На губах Филиппа дрогнул подобие улыбки. Холодной и безрадостной.
– Что предлагаешь, мой верный легалист? Как бороться с тем, кто считает себя наместником Бога на земле?
– С помощью слова, государь. И клеветы, – без тени смущения ответил Ногаре. – Его тиара сидит на голове не так прочно, как ему кажется. В Риме у него много врагов. Семья Колонна ненавидит его. Ходят слухи… темные слухи о том, как он взошел на престол после отречения папы Целестина. Говорят, он советовался с демонами. Что он содомит. Что он не верит в бессмертие души.

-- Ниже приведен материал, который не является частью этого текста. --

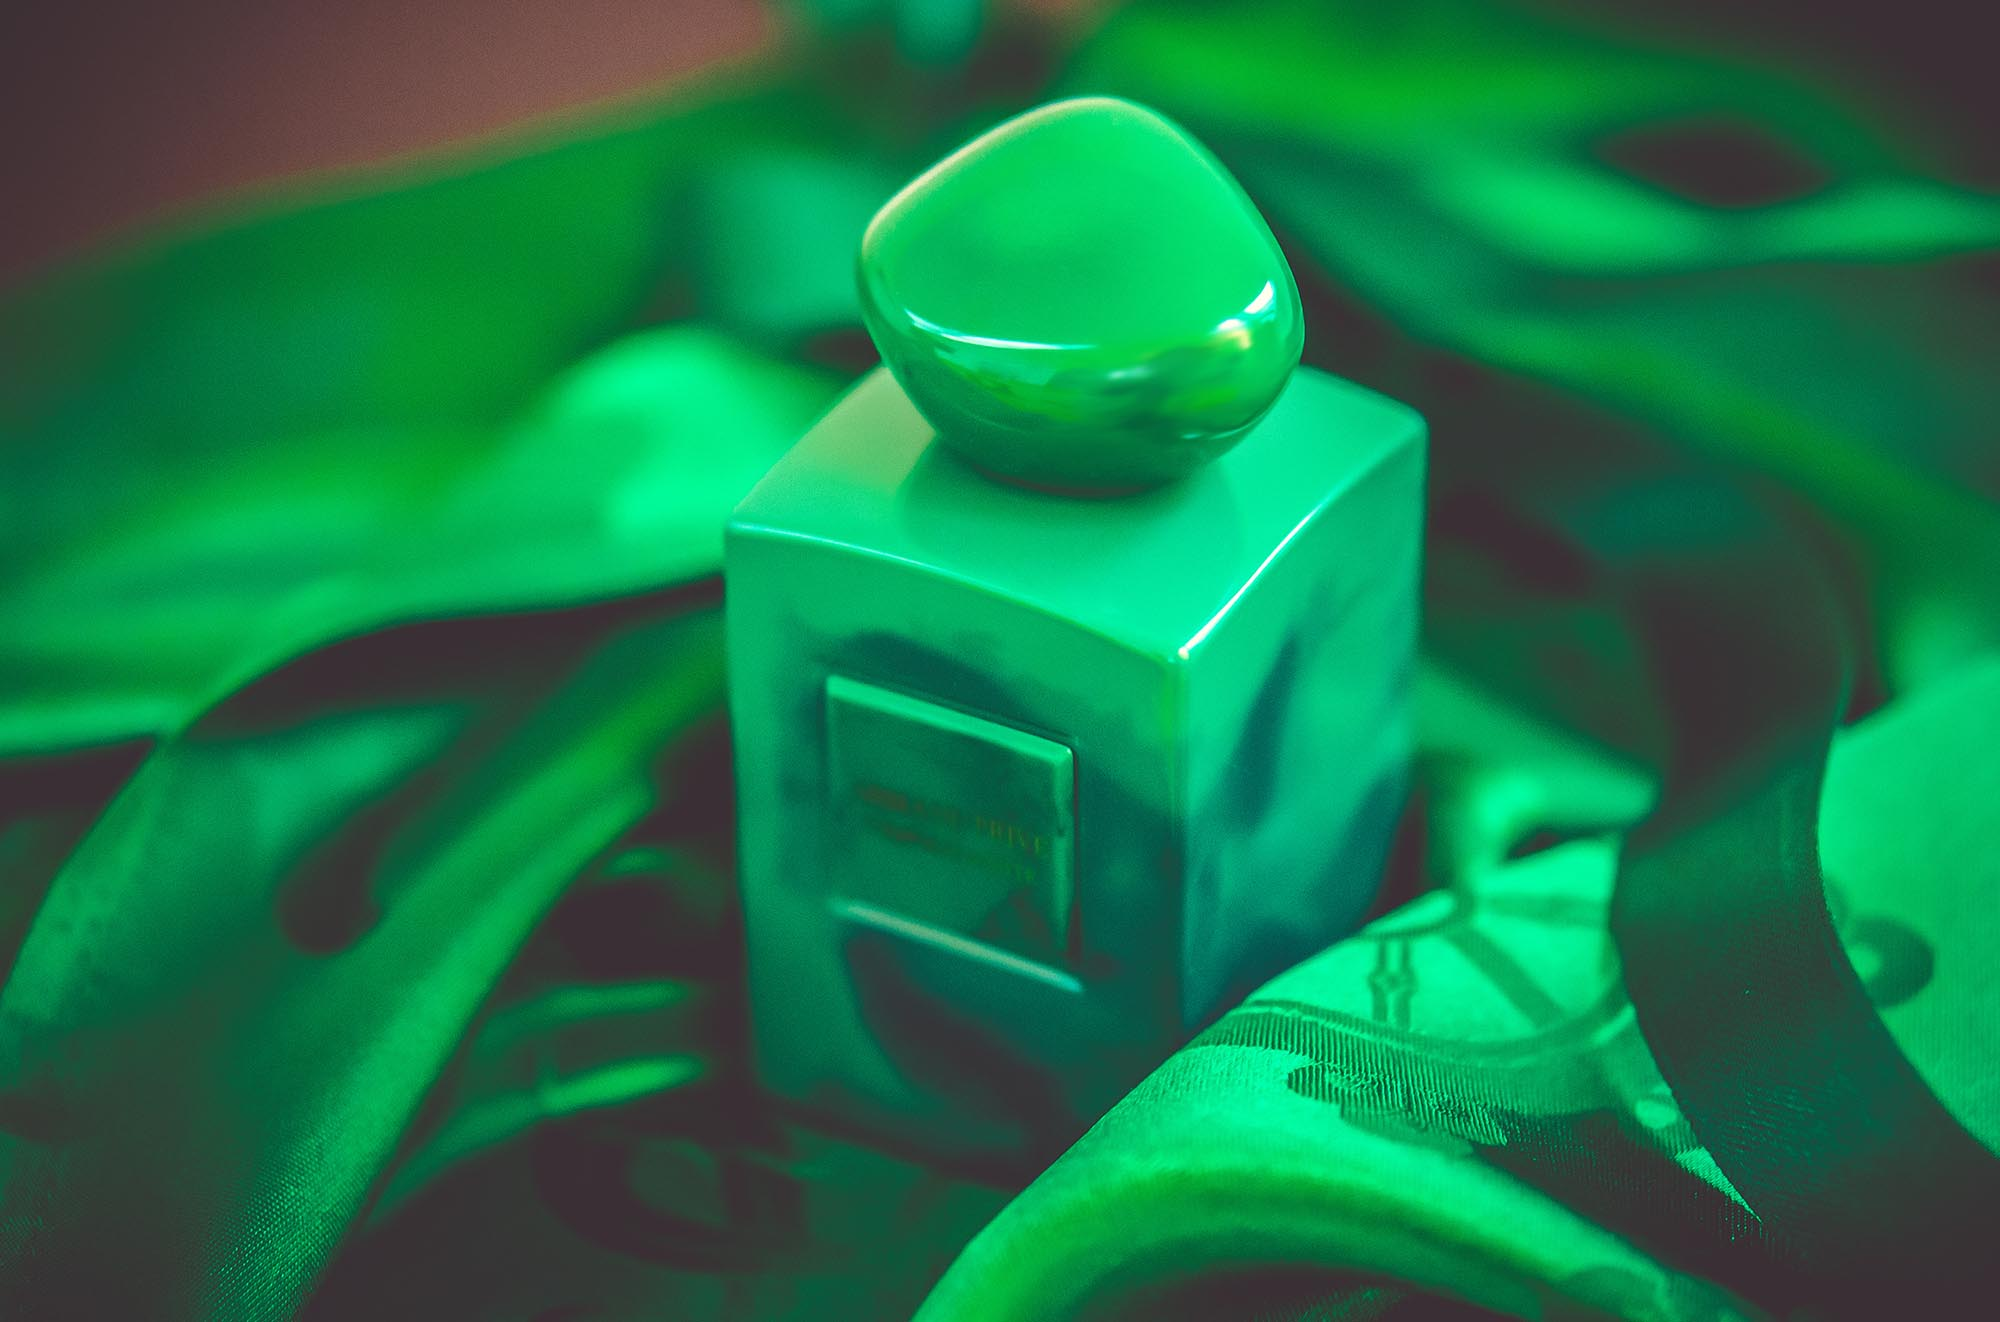 Armani Prive Vert Malachite niche perfume Parfüm парфюм green grün зеленый

– Слухи, – произнес Филипп с легким пренебрежением.
– Слухи, подкрепленные показаниями «свидетелей» и раздутые умелыми проповедниками по всей Франции, становятся оружием, – страстно парировал Ногаре. – Мы можем созвать Генеральные штаты. Не только духовенство и знать, но и горожан. Пусть вся Франция, все сословия услышат о злодеяниях этого лжепапы и поддержат своего короля! Мы объявим его еретиком. Преступником. Узурпатором.
Идея была дерзкой, беспрецедентной. Апеллировать не к теологии, а к народу? Превратить богословский диспут в политический процесс?
– Сделай это, – просто сказал Филипп. В его глазах вспыхнул тот самый холодный огонь, который видели лишь немногие. Огонь абсолютной, безжалостной решимости.
Началась грандиозная пропагандистская машина. По всей Франции зазвучали голоса королевских проповедников, обвиняющих Бонифация во всех смертных грехах. Ногаре, как главный инквизитор этой новой ереси, собирал, фабриковал и облекал в юридические формы любые сплетни. Был созван первый в истории Генеральные штаты с участием третьего сословия. И они поддержали короля. Франция, от знатного барона до парижского лавочника, сплотилась против римского узурпатора.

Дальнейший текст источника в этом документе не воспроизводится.